Material to process:
[Start of section]

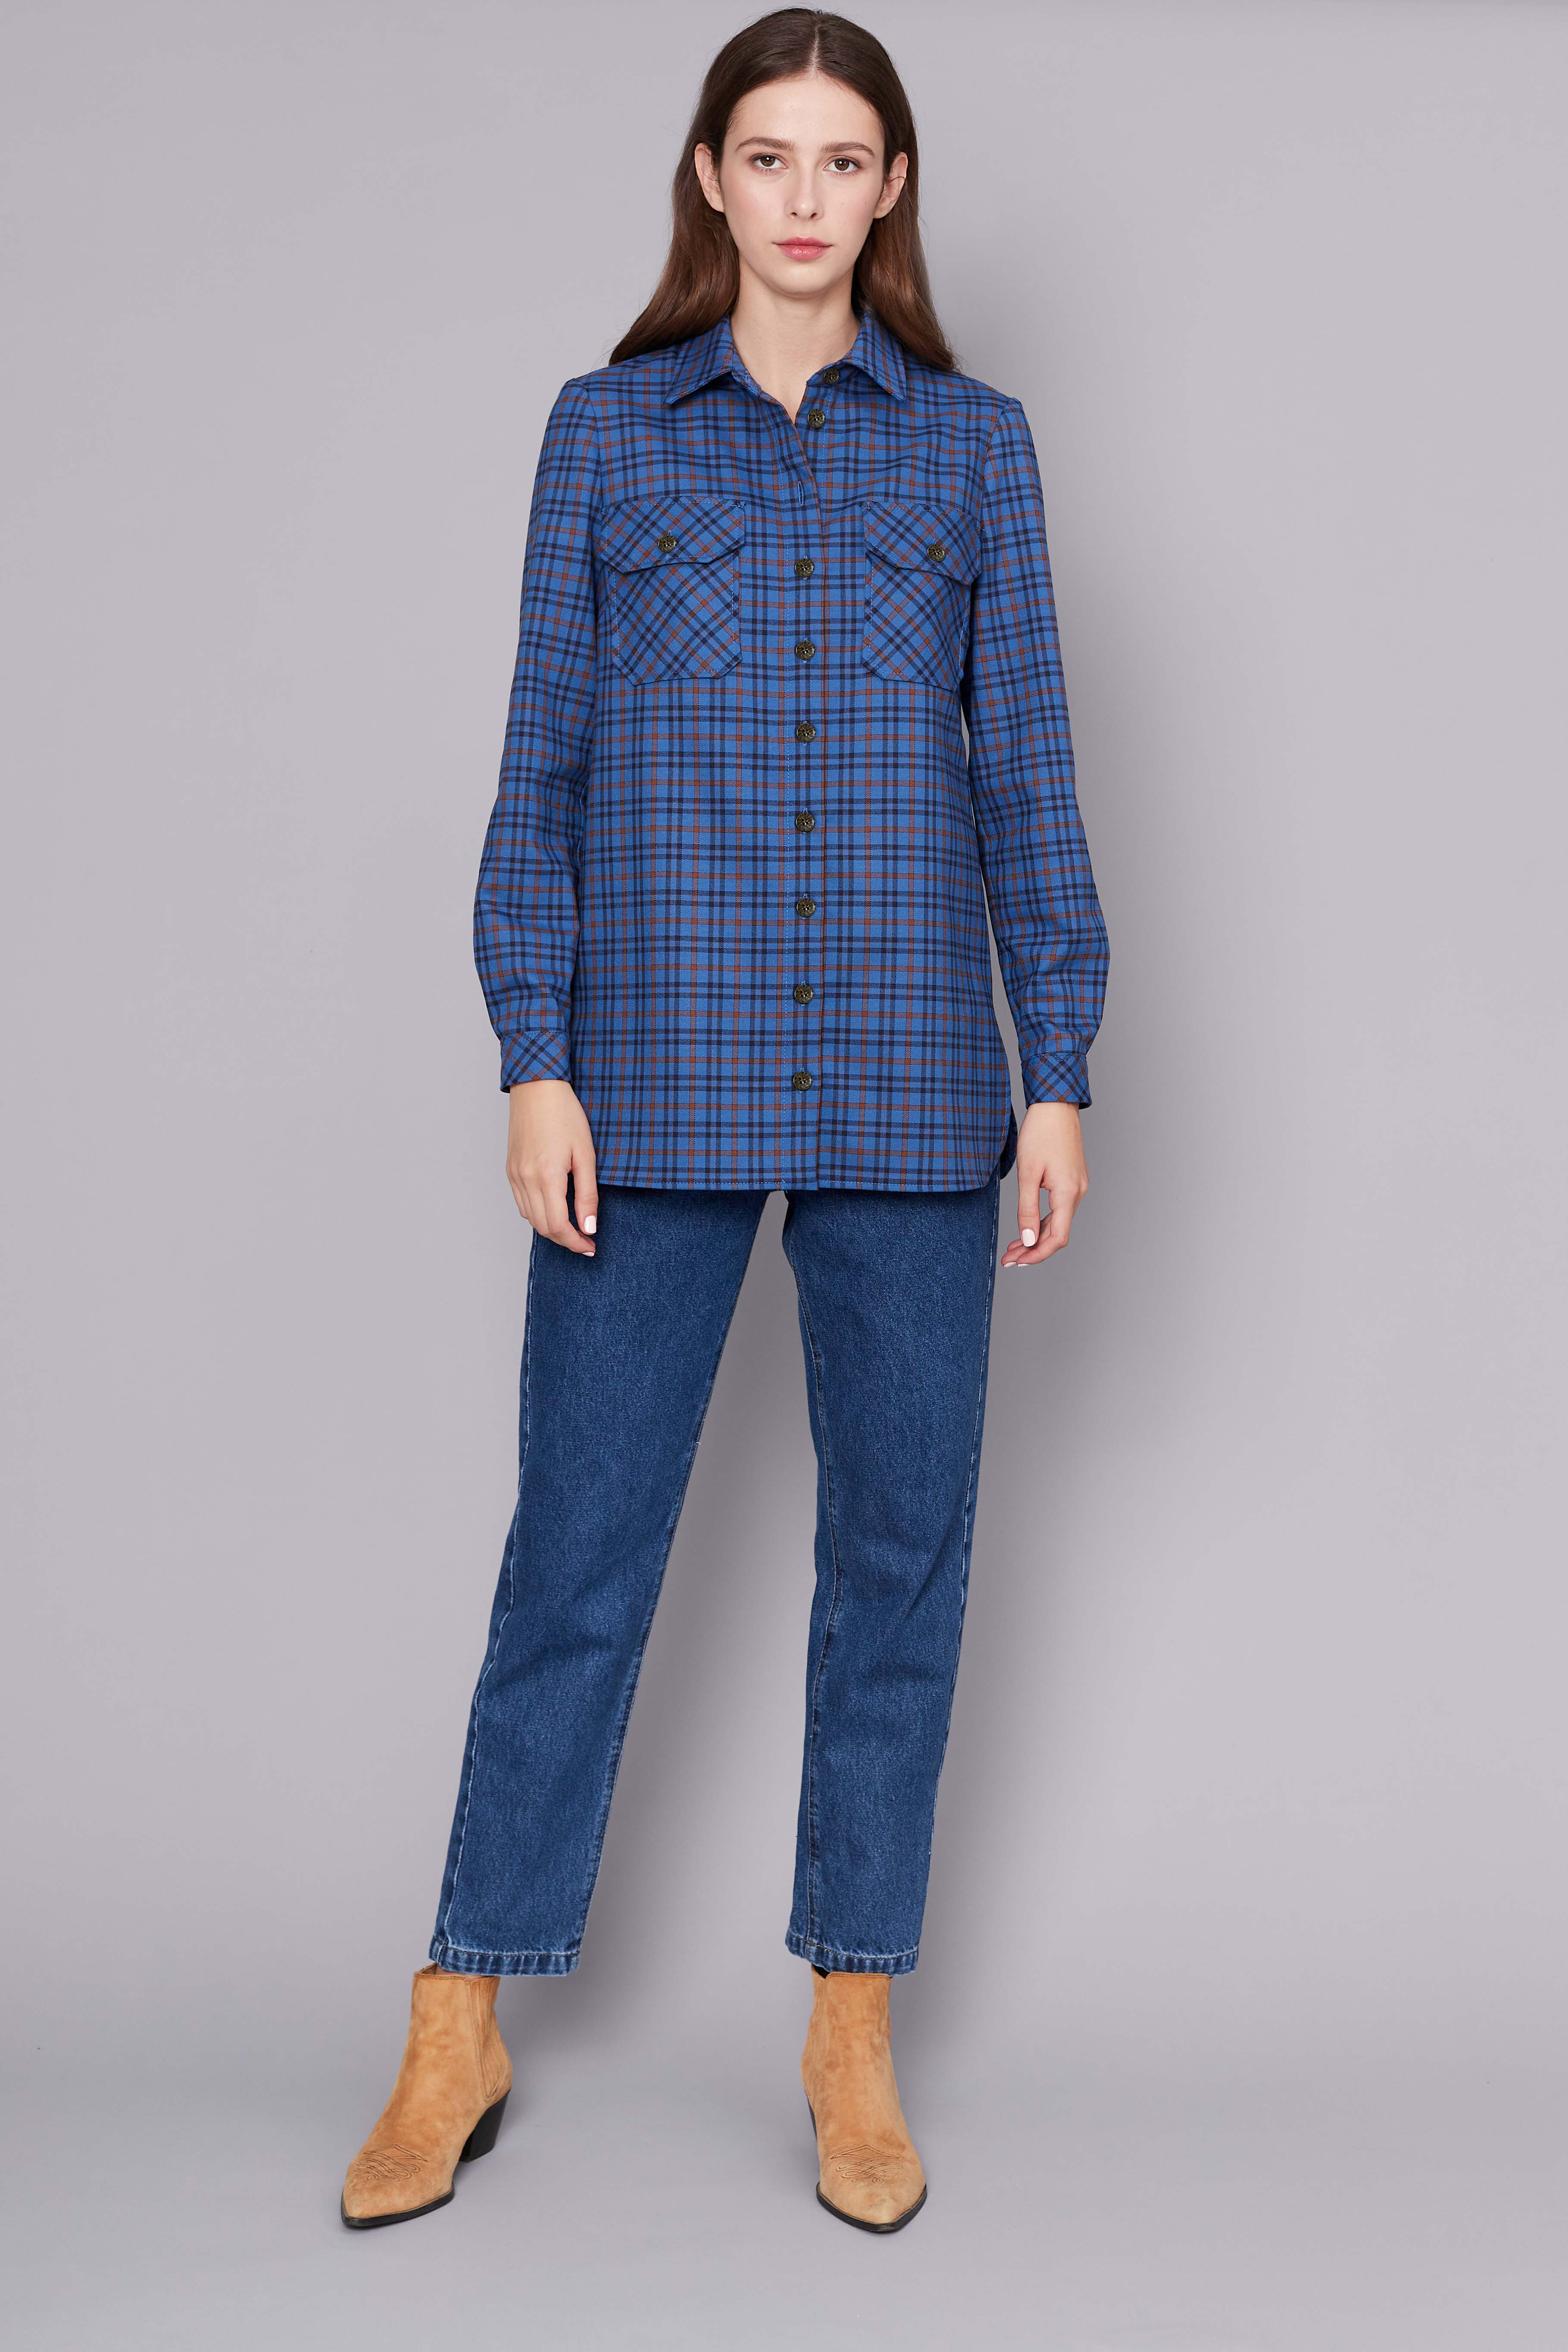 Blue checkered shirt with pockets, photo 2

[End of section]
[Start of section]

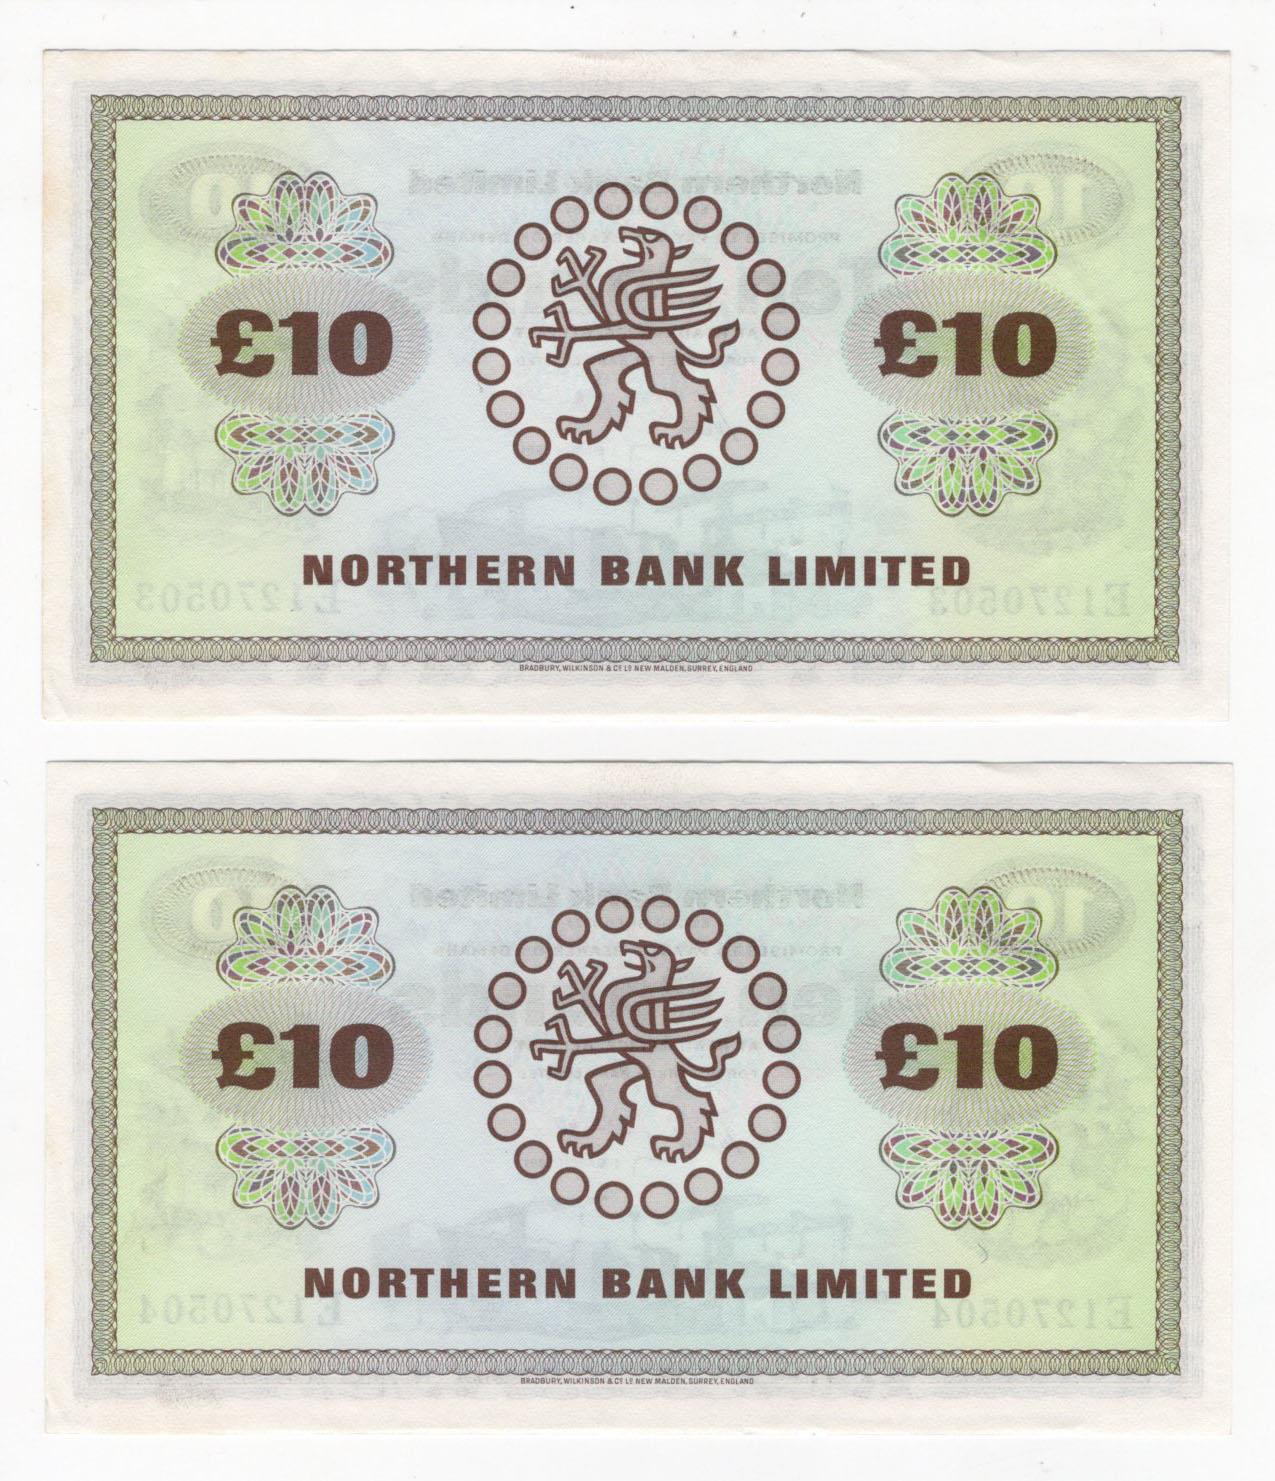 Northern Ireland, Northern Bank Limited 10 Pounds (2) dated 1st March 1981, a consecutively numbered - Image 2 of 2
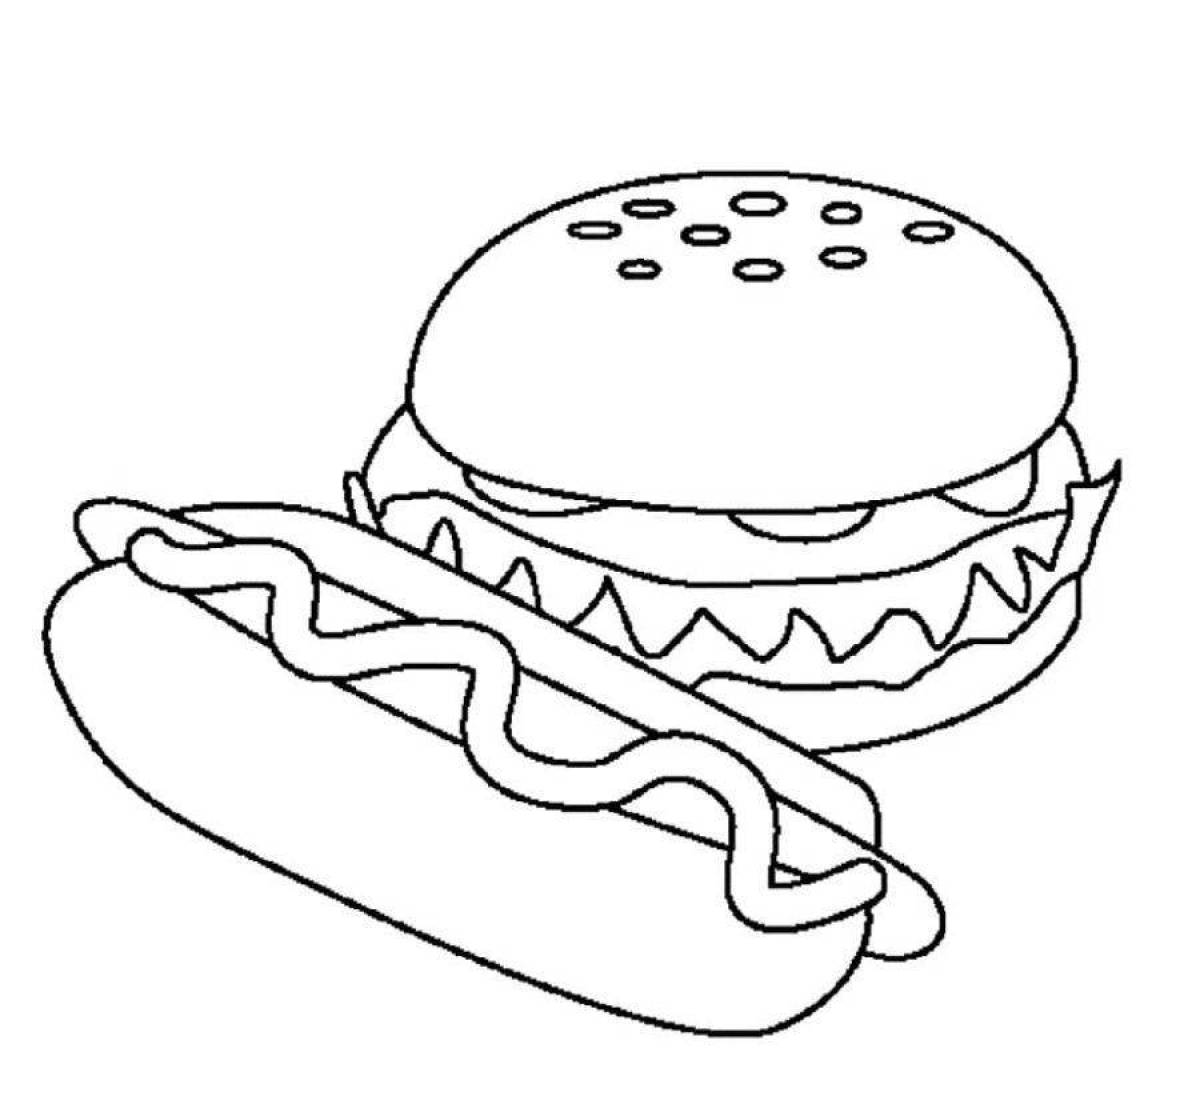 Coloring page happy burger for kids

[End of section]

Exercise:
From the data above, return exactly the lines from the one with "Northern Ireland, Northern" up to and including the one with "Coloring page happy burger for kids". Pictures do not go in the copy.

Answer section:
 Northern Ireland, Northern Bank Limited 10 Pounds (2) dated 1st March 1981, a consecutively numbered - Image 2 of 2
 Coloring page happy burger for kids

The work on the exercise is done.